Я решительно толкнул тяжелую входную дверь и шагнул во двор. И… вдохнул полной грудью.
Раннее осеннее утро встретило меня как благословение. Воздух, чистый и прохладный, пахнул влажной землей, опавшей листвой и дымком отдаленного костра. Небо на востоке было цвета размытой акварели — бледно-розовое, золотистое, переходящее в пронзительную лазурь. Роса серебрилась на пожухлой траве, на паутинках, растянутых между ветвями старых берез. Где-то высоко звенела трель жаворонка, уже невидимая в набирающем силу солнечном свете. Легкий, едва ощутимый ветерок ласкал мое лицо, смывая остатки божественной скверны и нервной дрожи. Тишина. Не мертвая, а живая, наполненная шелестом листьев, последним стрекотом сверчков и этим далеким птичьим зовом.
Здесь все было настоящее. Простое. Чистое. Не измаранное божественным эгоизмом.
У стены дома стояло массивное плетеное кресло, которое всем своим видом просто умоляло о встрече с моим задом. Я смахнул с сиденья влагу рукавом и опустился в него. Скрип лозы показался удивительно земным, успокаивающим звуком. Я закрыл глаза, расслабился, откинув голову на спинку и закрыв глаза. Пение птицы. Ветер. Дыхание Земли.
Но спокойствие это было обманчивым. Под ним клокотал вопрос, требовавший ответа. Что со мной? Что именно сделала Купель Мораны? Почему серая магия, моя верная, как старая саперная лопатка, инструментальная и универсальная магия почти ушла, заместившись этой… ледяной пустотой?
Нужно было заглянуть внутрь. По-настоящему. Без спешки, без божественных помех.
Я погрузился. Не в медитативный транс, а в глубокое, сосредоточенное осознание себя. Внутренний взор скользнул по знакомым путям — каналам, по которым когда-то текла серая энергия, нейтральная, податливая, как глина. То, что я увидел теперь, заставило меня внутренне ахнуть.
Источник. Резервуар моей магической силы в самой глубине. Он изменился. Раньше это было что-то вроде мерцающего океана туманного света. Теперь… Теперь это напоминало вращающуюся сферу из черного льда, испещренную мерцающими звездочками. Лед был прозрачным, бесконечно глубоким и холодным. От него исходило ощущение… бездны. Пустоты. Но не мертвой. Наполненной потенциалом. Абсолютного нуля, из которого можно выковать все.
Каналы. Они были те же, но… укрепленные. Как если бы хлипкие тропинки заменили на широкие, вымощенные черным, мерцающим ониксом магистрали.

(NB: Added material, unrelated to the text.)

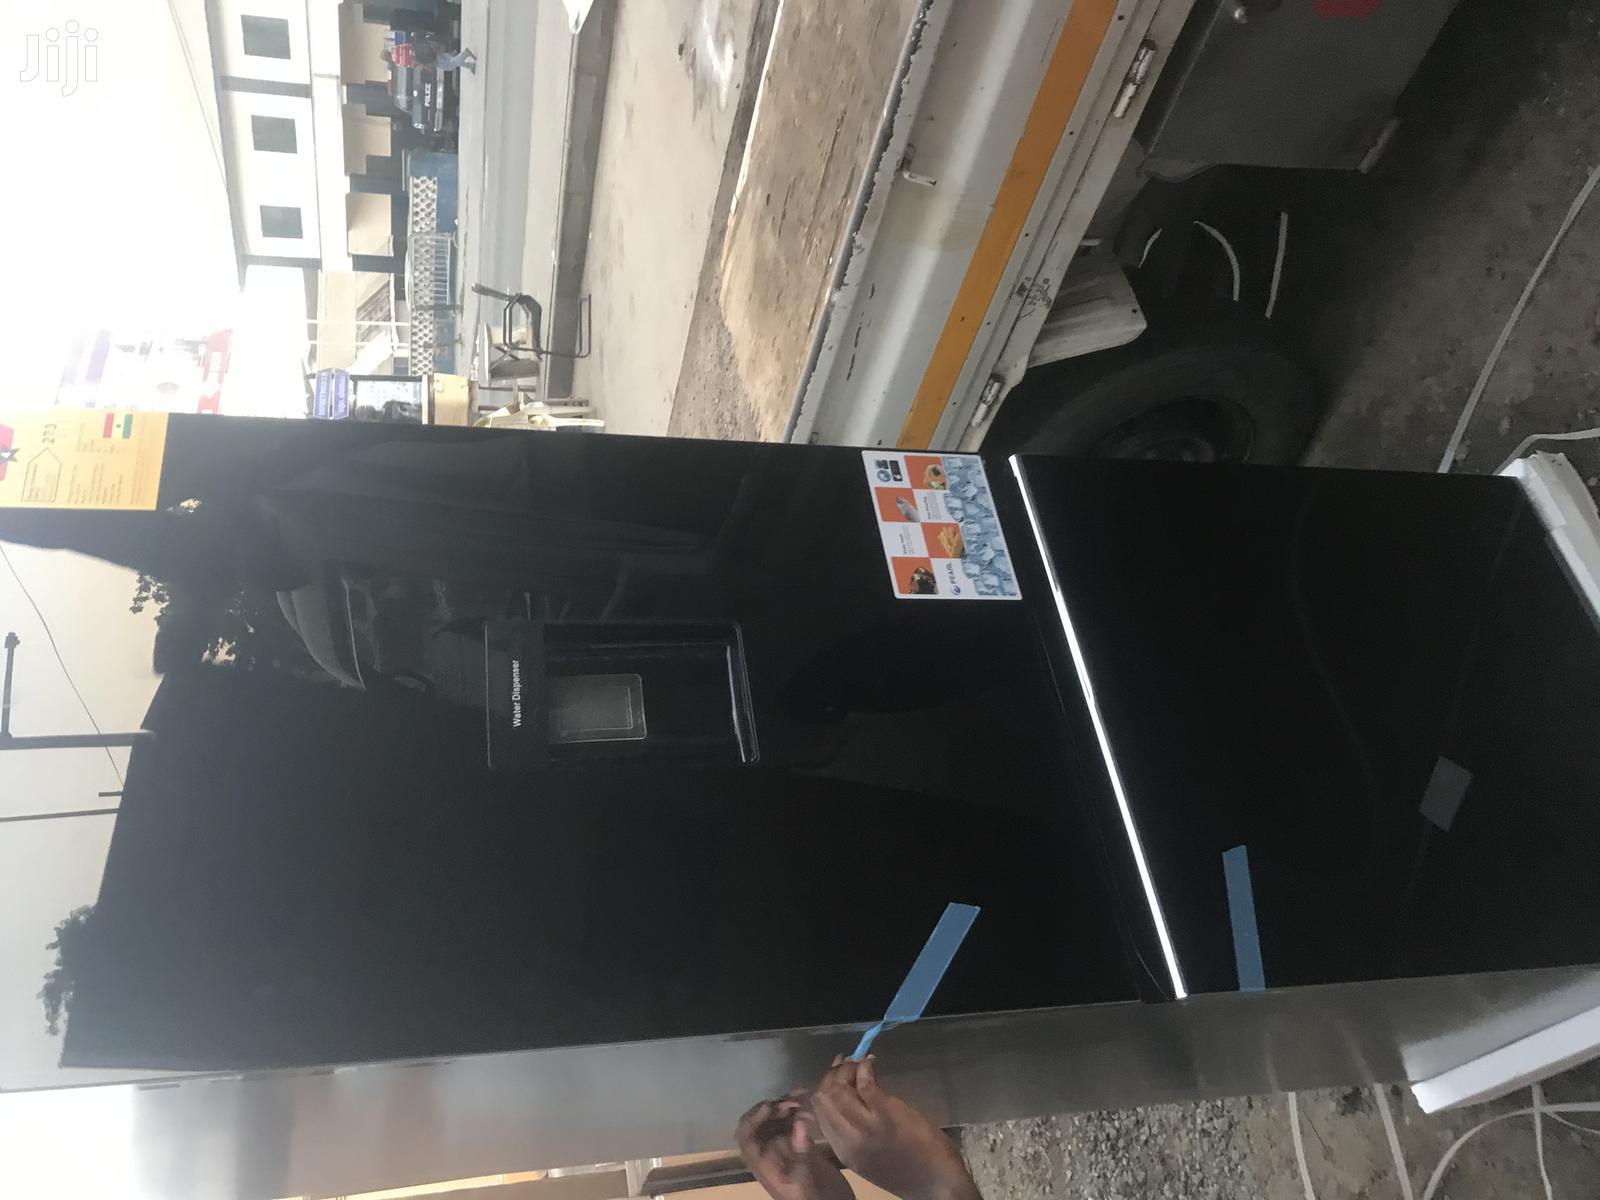 Water Dispenser Pearl 309L Bottom Freezer Refrigerator(Black)PF-400bg   Kitchen Appliances for sale in Adabraka, Greater Accra, Ghana

Стенки каналов сияли внутренним холодным светом, они казались невероятно прочными, способными выдержать любой напор. По ним теперь струилась не серая дымка, а потоки чистейшей, кристаллической энергии цвета полярной ночи и инея. Магия Пустоты. Магия Льда. Они переплетались, дополняя друг друга — лед сковывал, пустота поглощала, разъедала, стирала.
Я проследил потоки, ощущая, как они пронизывают каждую клетку, каждое волокно. И понял другое. Тело. Оно не просто исцелилось в Купели. Оно… переродилось. Укрепилось на фундаментальном уровне. Мышцы, кости, кожа — все было пронизано той же ледяной пустотой, усилено ею. Ощущение было странным — будто я не просто плоть и кровь, а нечто большее. Плотное. Устойчивое. Практически… неразрушимое? Тактильно кожа была обычной, но внутреннее знание кричало — уронить меня теперь будет чертовски сложно. Физически и магически.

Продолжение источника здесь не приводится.